Typically database is designed for OLTP transactional operations. Where as Data-warehouse is implemented for OLAP (analysis) operations. OLTP can constrained to a single application. OLAP resists as a layer on the top of several databases. OLTP process current, streaming and dynamic data where as OLAP process Retired, historic and static data only. Database completely has normalization concept. Data WareHouse is De-normalization concept.
There are two types. Managed table and external table. In managed table both the data an schema in under control of hive but in external table only the schema is under control of Hive.
External table: Schema is stored in Database. Actual data stored in Hive tables. If data lost in External table, it lost only metastore, but not actual data.
Internal table: MetaStore and actual data both stored in local system. If any situation, data lost, both actual data and meta store will be lost.
Generally, after creating a table in SQL, we can insert data using the Insert statement. But in Hive, we can insert data using the LOAD DATA statement. While inserting data into Hive, it is better to use LOAD DATA to store bulk records.
There are two ways to load data: one is from local file system and second is from Hadoop file system.
To see table definition in Hive, use the command describe <table name>;
To see more detailed information about the table, We use the command describe extended <tablename>;
Another important command it’s also describe all details in a clean manner describe formatted <tablename>;
Alter the attributes of a table such as changing its table name, changing column names, adding columns, and deleting or replacing columns.
Using drop table command.
DROP TABLE <TABLE_NAME>;
When you drop a table from Hive Metastore, it removes the table/column data and their metadata. It can be a normal table (stored in Metastore) or an external table (stored in local file system); Hive treats both in the same manner, irrespective of their types.
The ORDER BY clause is used to retrieve the details based on one column and sort the result set by ascending or descending order.
ORDER BY – use single reducer. If data is too large, it’s take a long time to sort the data.
SORT BY – use number of reducers, so it can process quickly.
In the first case (order by) maps sends each value to the single reducer and count them all. In the second case (sort by) maps splits up the values to many reducers and each reduce generates its list and finds the count. So it can sort quickly.
SELECT name, id, cell FROM user_table ORDER BY id, name;
SELECT name, id, cell FROM ur_table DISTRIBUTE BY id SORT BY name;
The GROUP BY clause is used to group all the records in a result set using a particular collection column. It is used to query a group of records.
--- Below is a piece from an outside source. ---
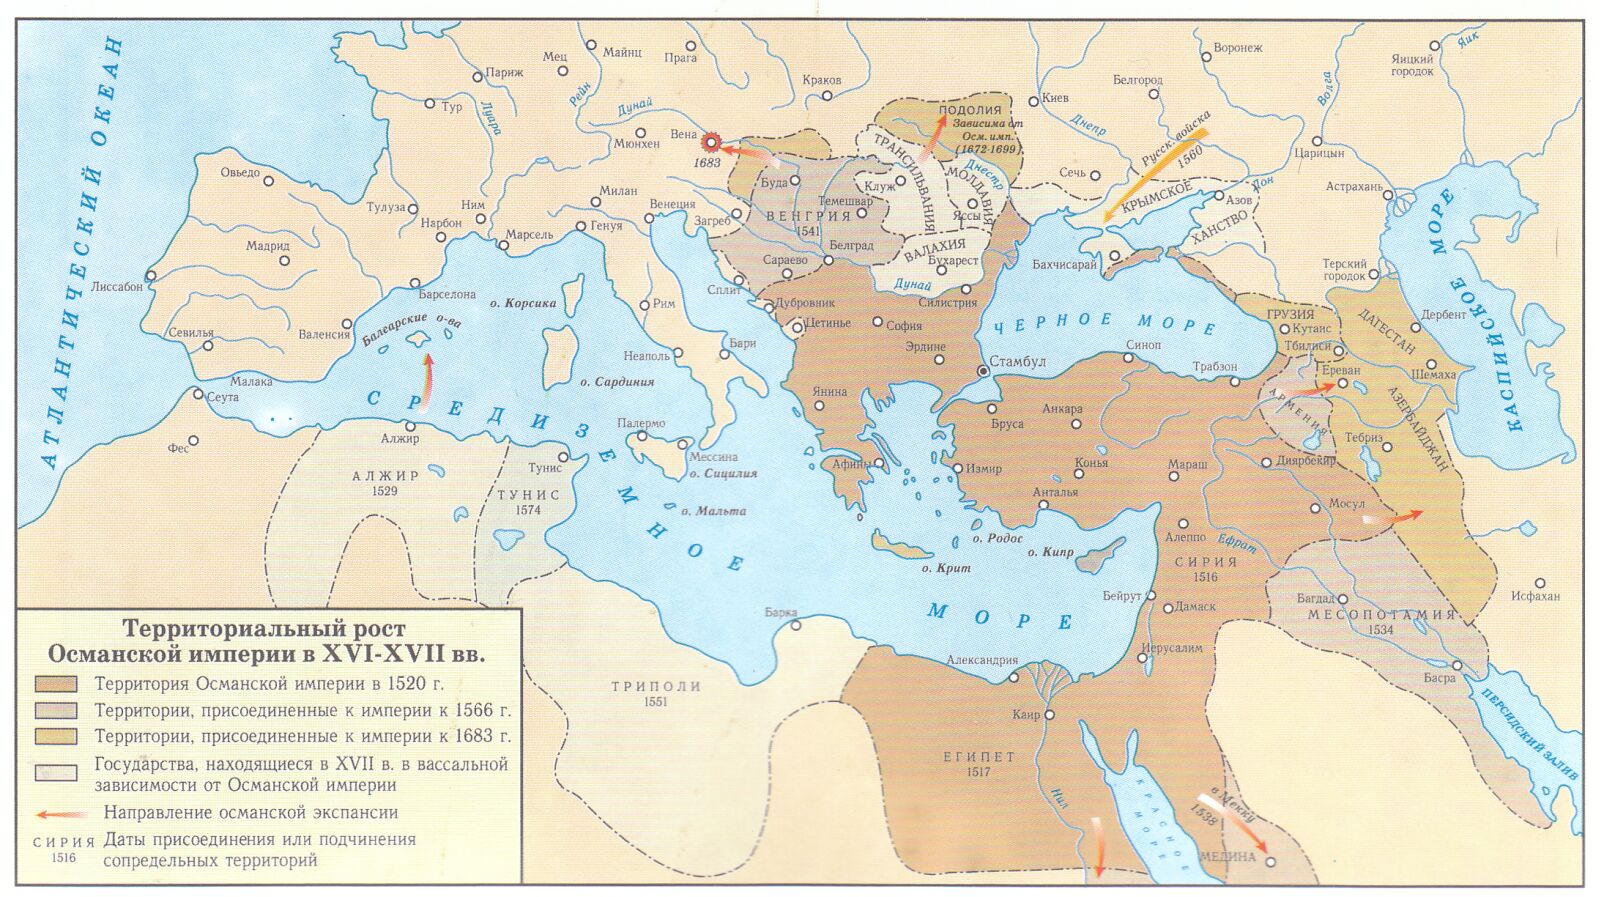 Карта территориального роста Османской империи в XVI-XVII веках.
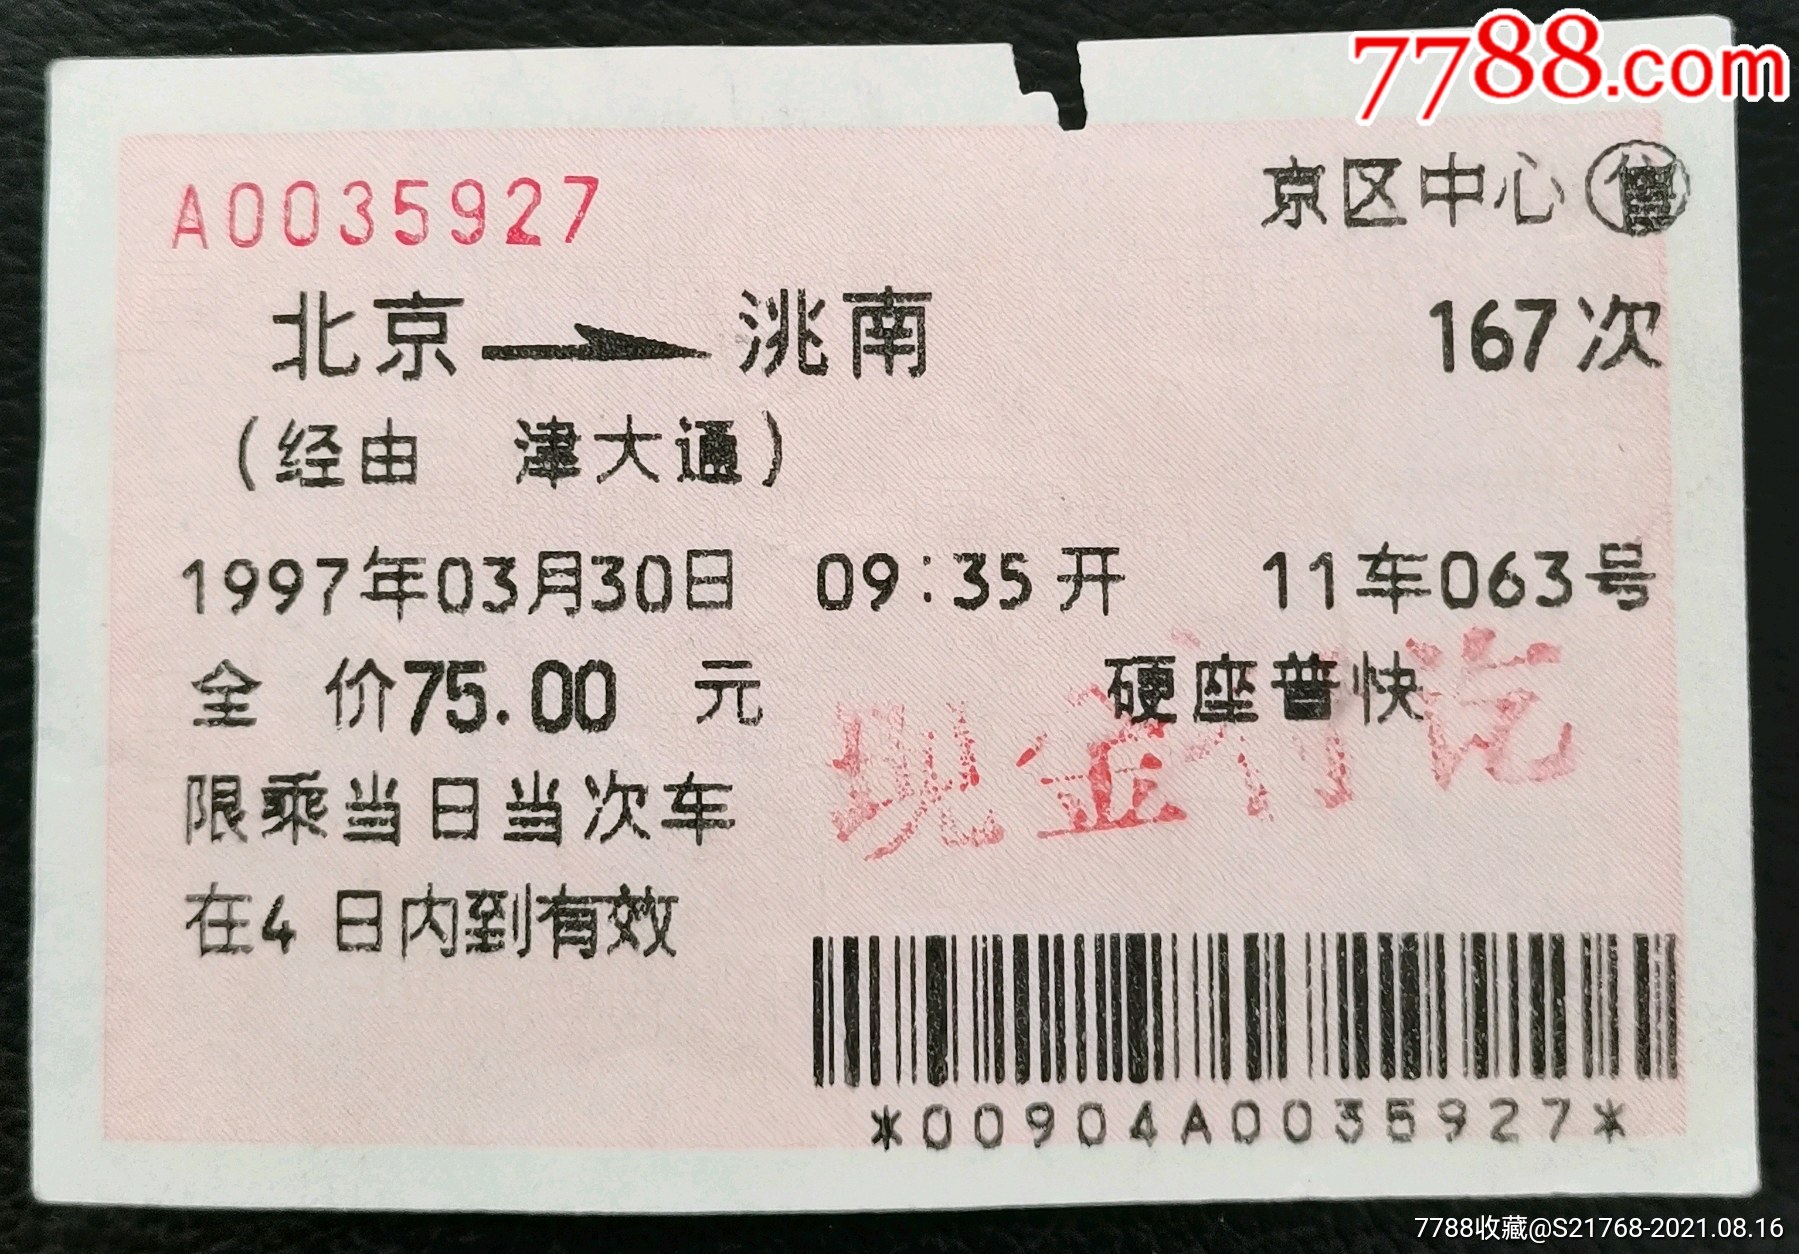 1997330通票经由津大通北京洮南167次

Like : Used to find the substrings within a main string with regular expression %.
Rlike : It’s a special function which also finds the sub strings within a main string, but return true or false without using regular expression.
Tablename is table, column is name.
name=VenuKatragadda, venkatesh, venkateswarlu
Select * from table where name like “venu%. //VenuKatragadda.
select * from table where name rlike “venk%”. // false, true, true.
Hive organize in three ways such as Tables, Partitions and Buckets.
-Tables organize based on Arrays, Maps, primitive column types.
-Partitions has one or more partition keys based on project requirements.
-Buckets used for analyze the data for sampling purpose. It’s good approach to process a pinch of data in the form of buckets instead of process all data.
Hive organizes tables into partitions. It is a way of dividing a table into related parts based on the values of partitioned columns such as date, city, and department. Using partition, it is easy to query a portion of the data.
To analyze a particular set of data, not required to load entire data, desired data partition is a good approach. To achieve this goal, Hive allows to partition the data based on particular column.
Static partition and Dynamic partition, both can optimize the Hive performance.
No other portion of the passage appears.